That said, let's not get sidetracked by the breeder-vs-DINK arguments. We have one very simple, fundamental problem with getting scientifically-literate people in office:
None run.
We have, as a nearly unanimous pool of candidates, complete fucking morons (with nice hair, oh and "ironically" enough, a median net worth in the eight digits). So whether we vote for Tweedle-dee (D) or Tweedle-dum (R), we still all lose.
Re:Don't bother. (Score:5, Interesting)
That's because, for the most part, they're well aware of the fact that they're unelectable. I myself would be interested in running for local office, but
I strongly suspect most scientifically-inclined people run into the same problems. Even if one were to overcome them, the best one could hope for is to match Jimmy Carter. He managed to make it to the Presidency, sure, but the widely-held view (deservedly or not; it doesn't really matter) is that he kind of sucked at it...

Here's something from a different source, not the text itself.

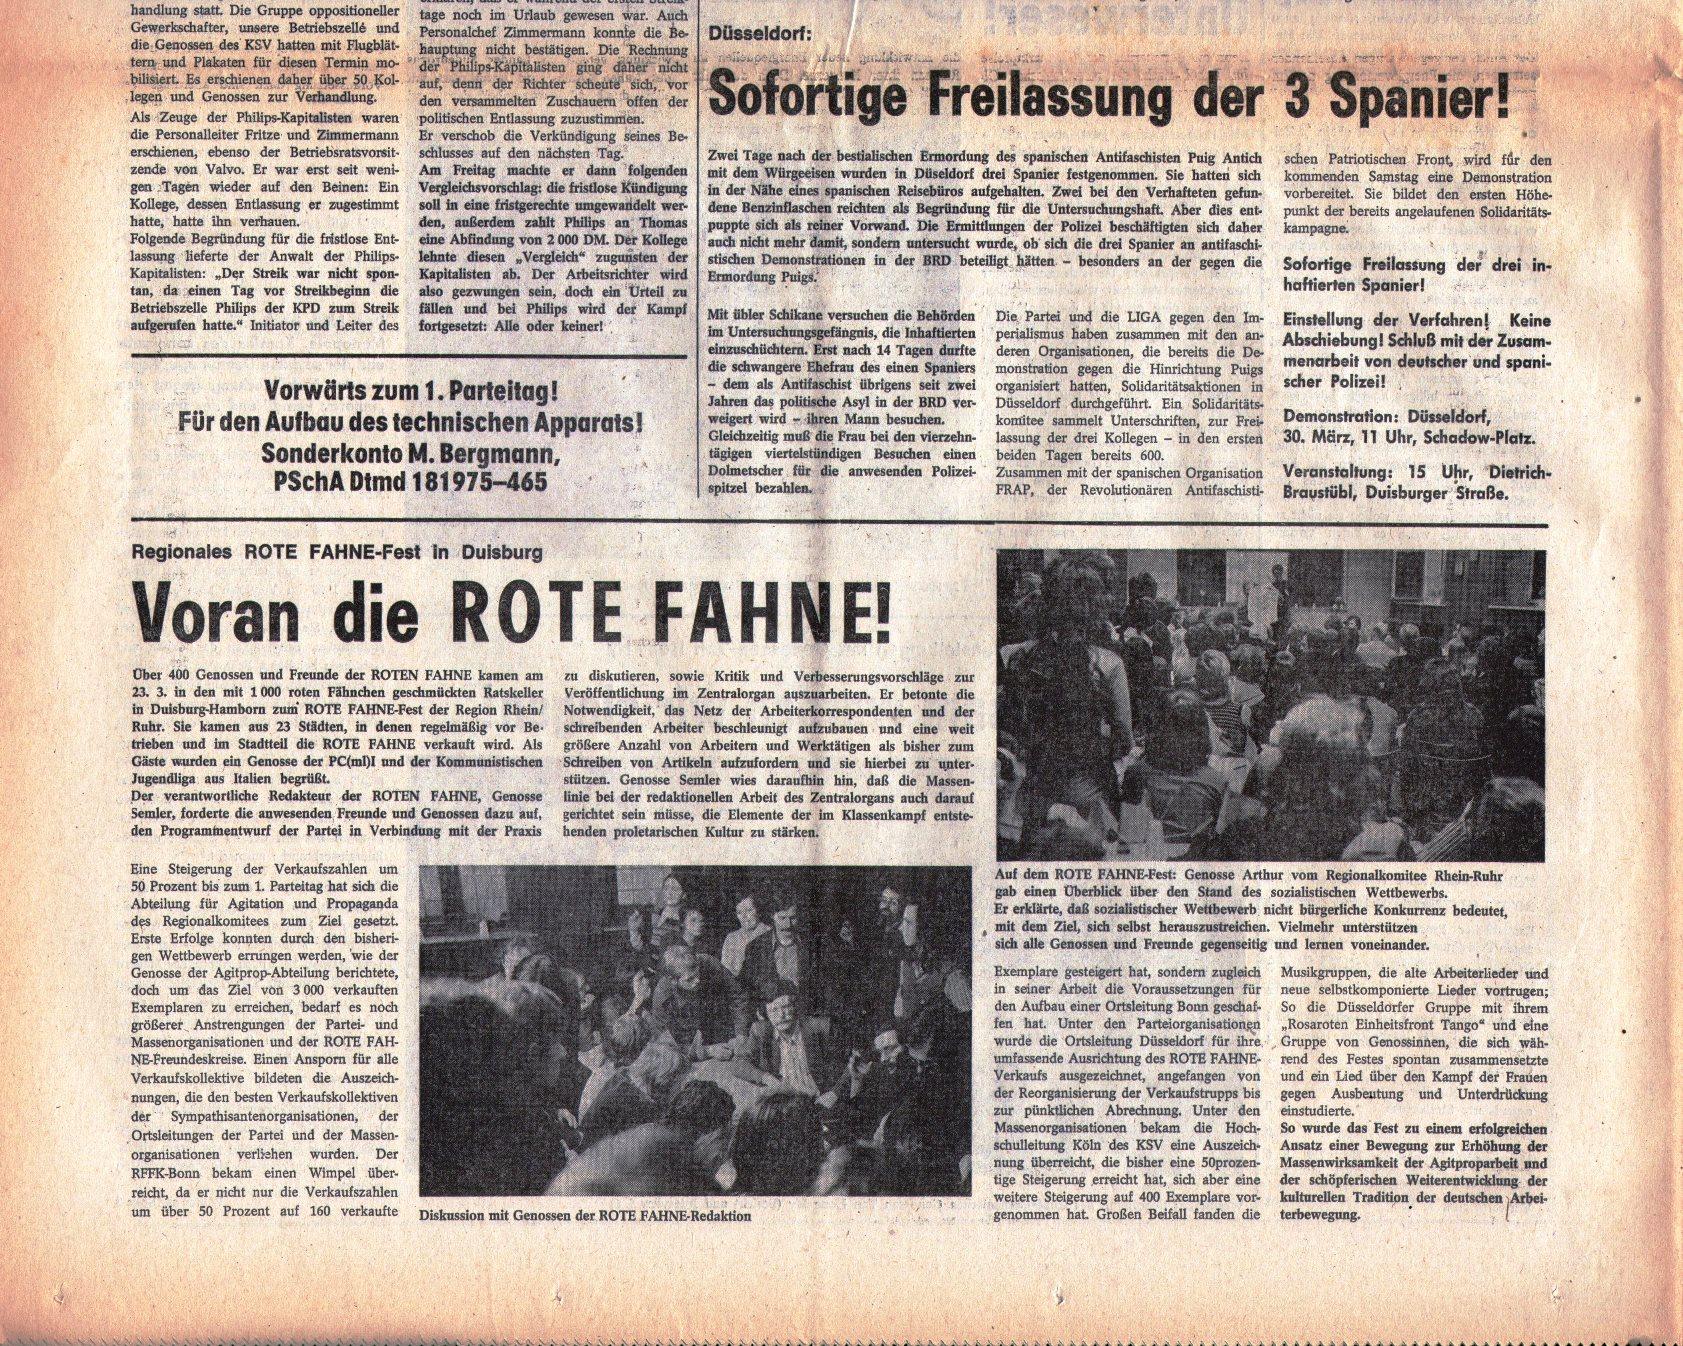 KPD_Rote_Fahne_1974_13_04

Re:Don't bother. (Score:5, Interesting)
Then there are those who grew up as scientists then wondered why the scientific method wasn't used for all policy and law, then looked into the systems of governance and found them defective by design largely due to gerrymandering. [snagfilms.com] That's a process whereby your votes do not matter anymore because whomever draws district outlines selects the winners (Protip: don't register as a party [they ask at the DMV] nor answer political surveys unless your population is nomadic). Some places are trying to fix this particular blatant exploit of our democratic-republic, but found the powers that be one step ahead so our vote tallies themselves have been hacked. [snagfilms.com] And now that we don't have paper ballots to verify the insecure digital tally with, we might as well just ask the NSA or CIA or FBI to appoint people they like.
Speaking of which, if you apply a bit of observational power you'll discover those secret agencies answer to no one and have a long history of silencing any form of activism [wikipedia.org] -- you know, because protest was the only avenue left to affect the government. It's hard for a scientist to survive mentally in a country that's hell bent on leveraging disaster capitalism [youtube.com] regardless of public benefit: Humans will do whatever it takes to survive the disasters our government plans for us [theguardian.com] -- including compete for lower wages offered by immortal corporations.

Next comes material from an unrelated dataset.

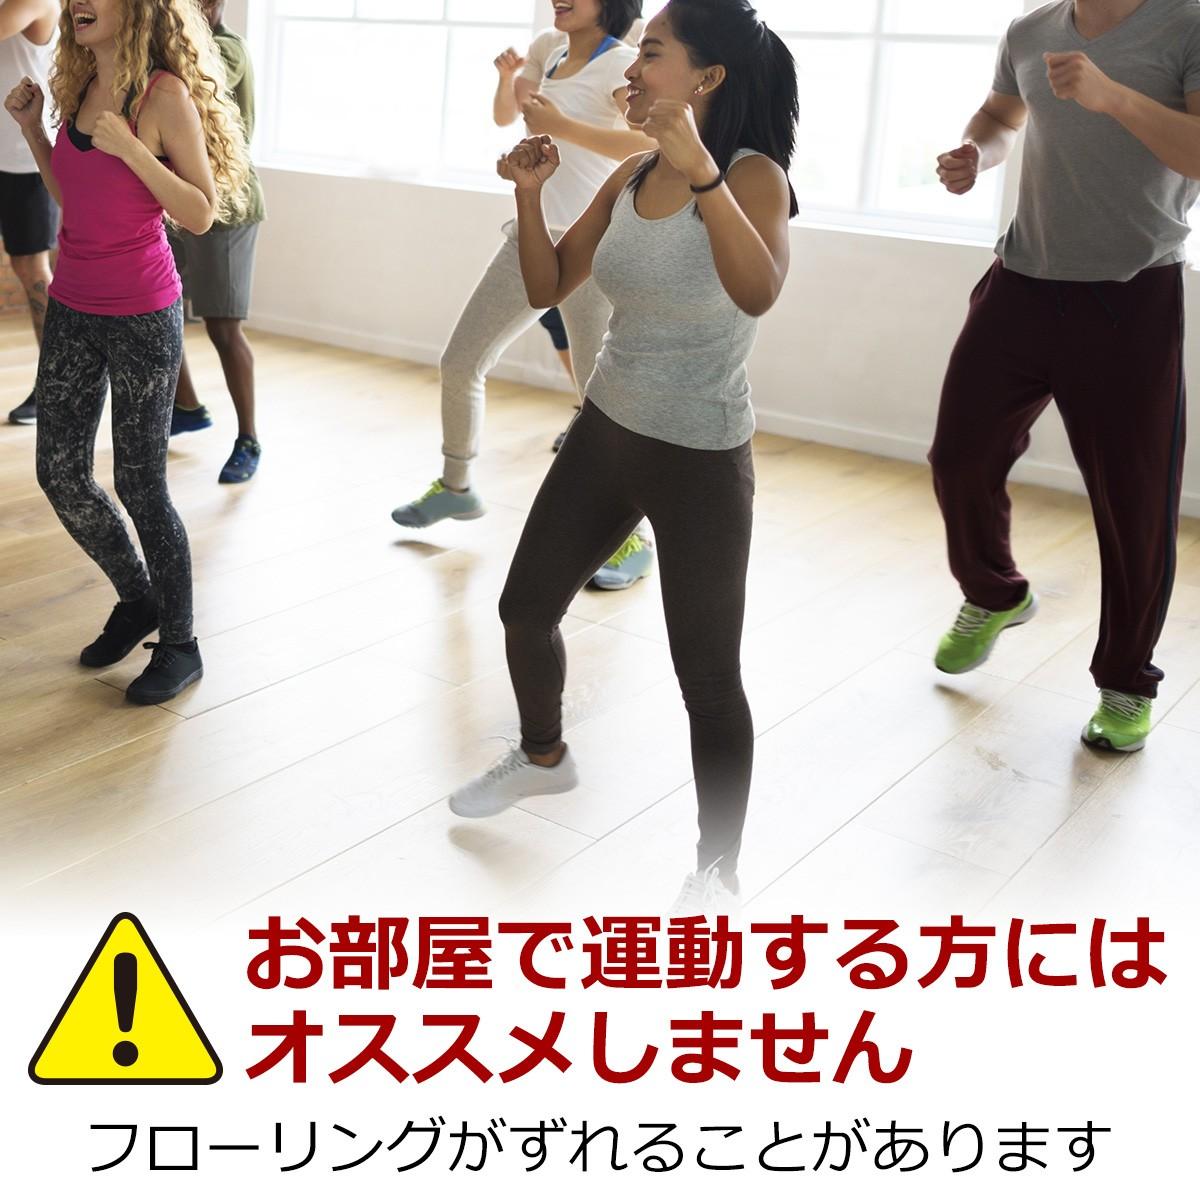 お部屋で運動する方にはオススメしません フローリングがずれることがあります

Some of us have taken a step back, done some calculations and realized that some fights are entirely unwinnable: We've got to the point where the House Subcommittee on Energy and Environment allows a senator to read a passage from the bible and declare it as proof man can't change the climate -- only god can. [youtube.com] Listen up, newbie, that's corporate oil interest speaking, leveraging religious fundamentalism against science from the very panels addressing climate change -- What can you do? Replace them and get a new panel bought off? It's not just congress, your executive and legislative branches are sock-puppet parades too. The government fights wars at the behest of corporations and Habeas Corpus has been revoked, FFS. It's not that everyone is stupid and we're "getting what we voted for"; The 'republic' part of our democratic-republic is designed to fix that: The dumb elect folks who are smarter, but our forefathers didn't count on the majority of congress being corrupt so the whole system became utterly broken. They did leave us the option to call an emergency session of congress and wield a vote of no-confidence, so next time you see the "fire congress" carousel go round, hop on board (not that it'll fix anything, but it'll scare some straight).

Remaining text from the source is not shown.